TASK BRIEF: The expected response is the complete listing below, restated exactly, with its pictures omitted.

COLLECTED DATA:
=-=-=-=-=
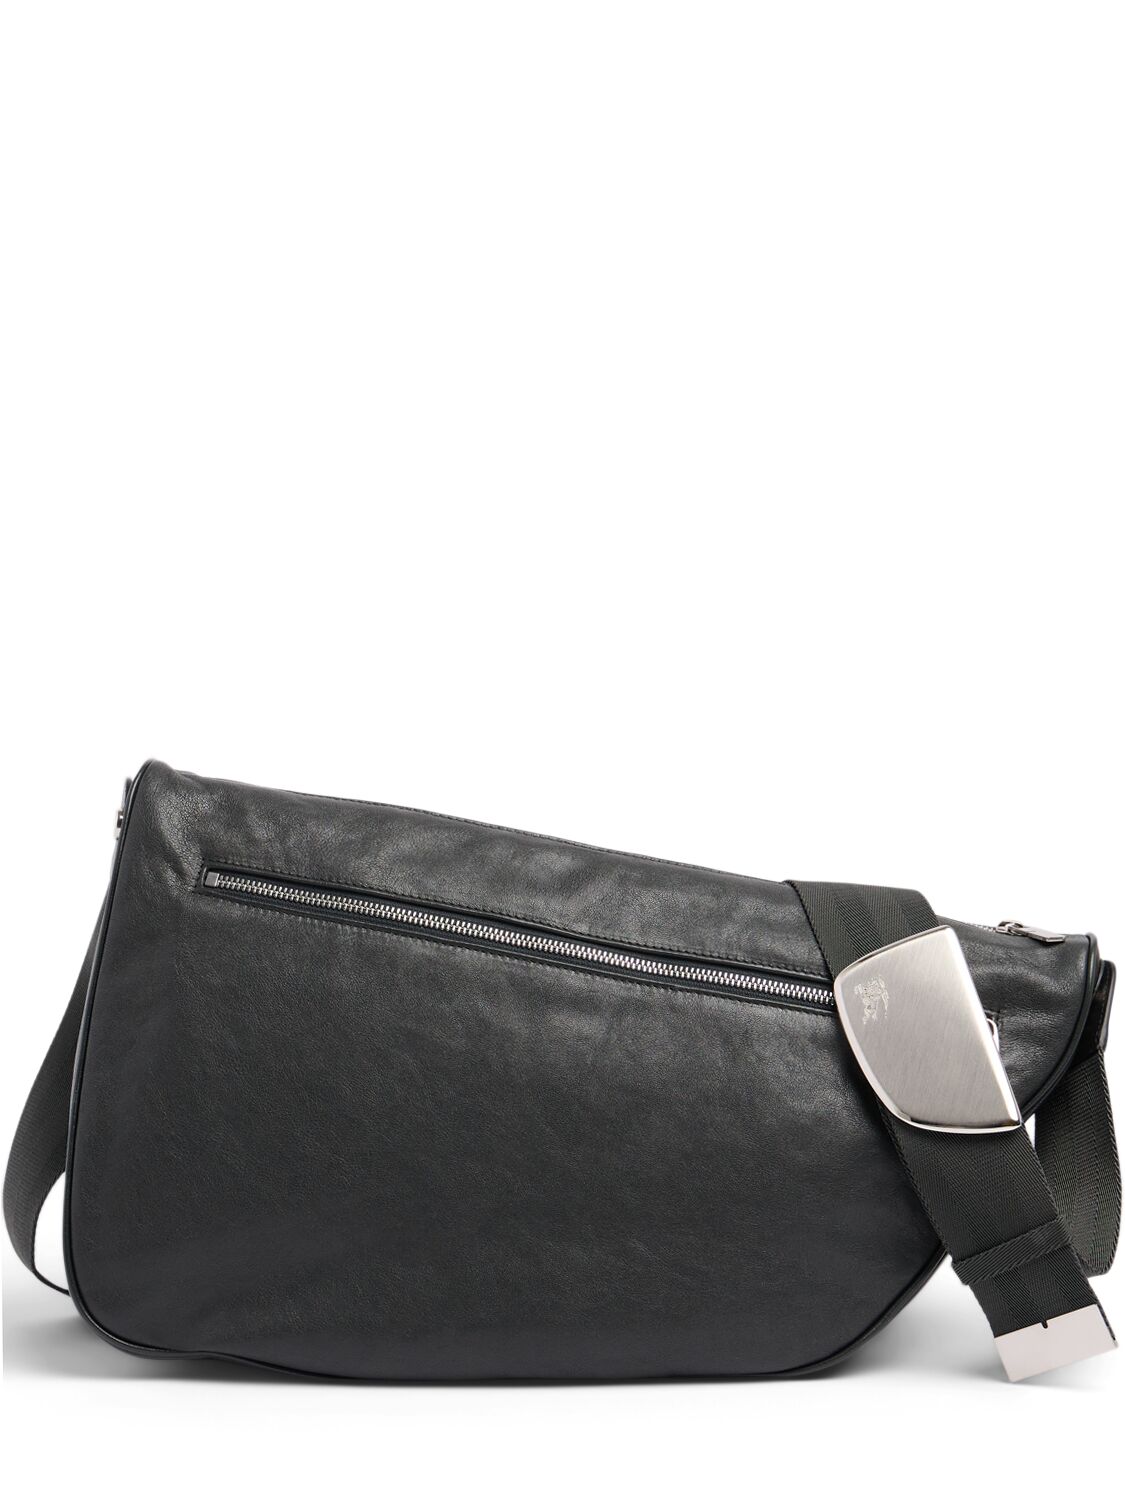 Image of Large Shield Leather Messenger Bag
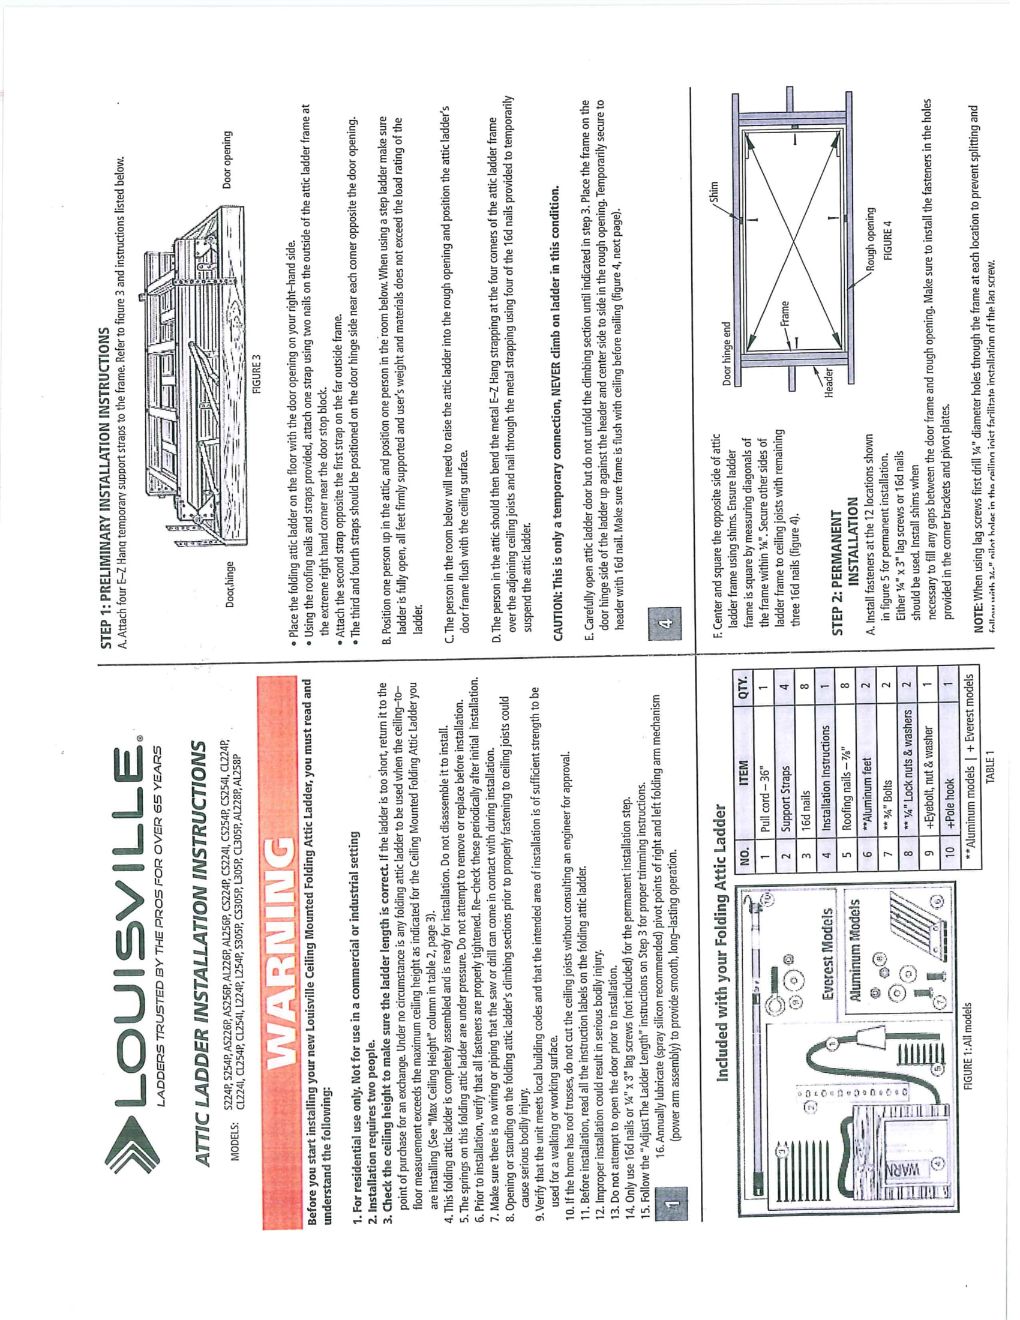 Attic Ladder Installation Instructions, 1-sheet Marketing Material Image
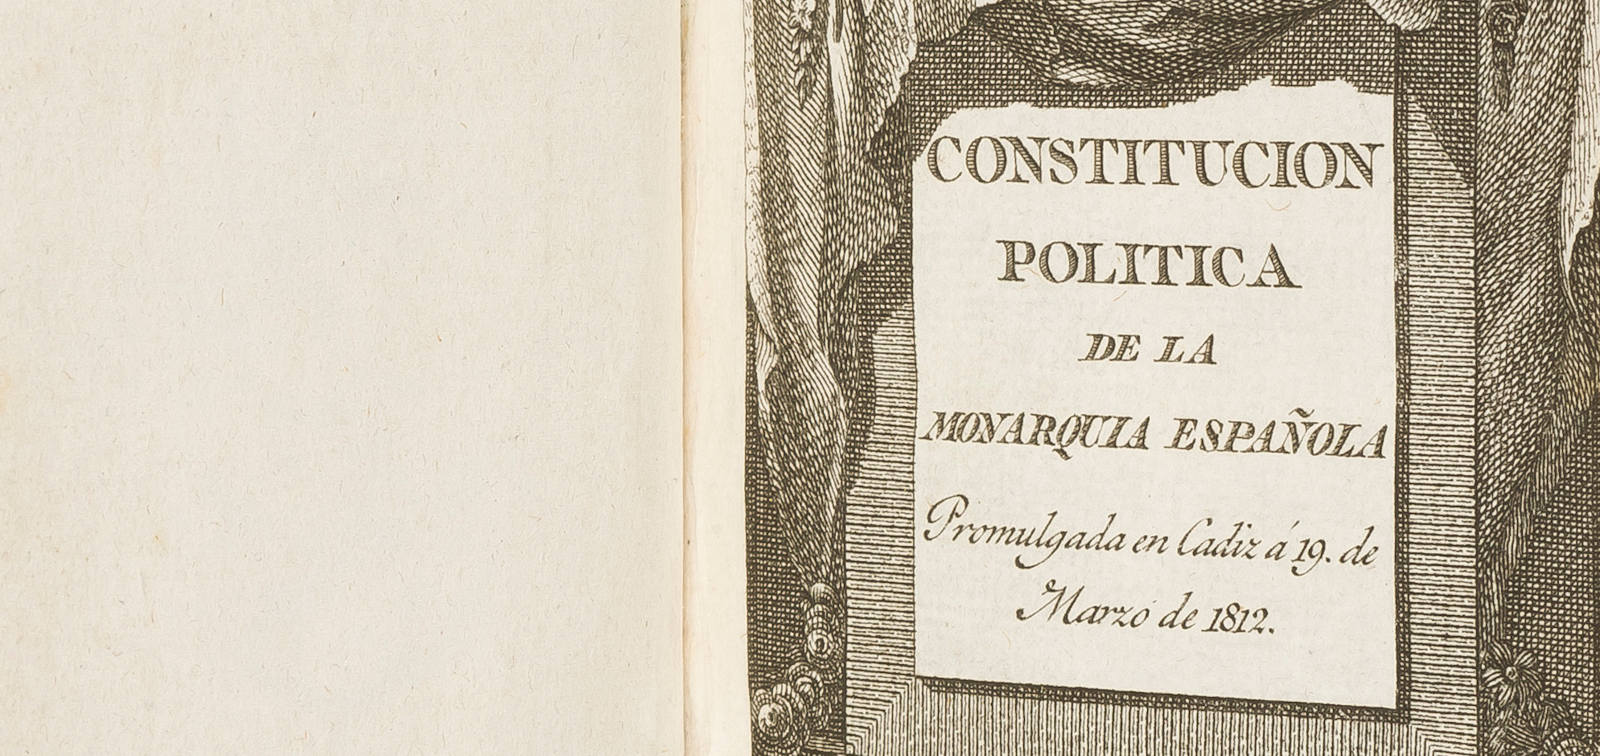 45 aniversario de nuestra Constitución Española! – IES Goya
=-=-=-=-=
PROBLEM SOLUTION:
 Image of Large Shield Leather Messenger Bag
 Attic Ladder Installation Instructions, 1-sheet Marketing Material Image
 45 aniversario de nuestra Constitución Española! – IES Goya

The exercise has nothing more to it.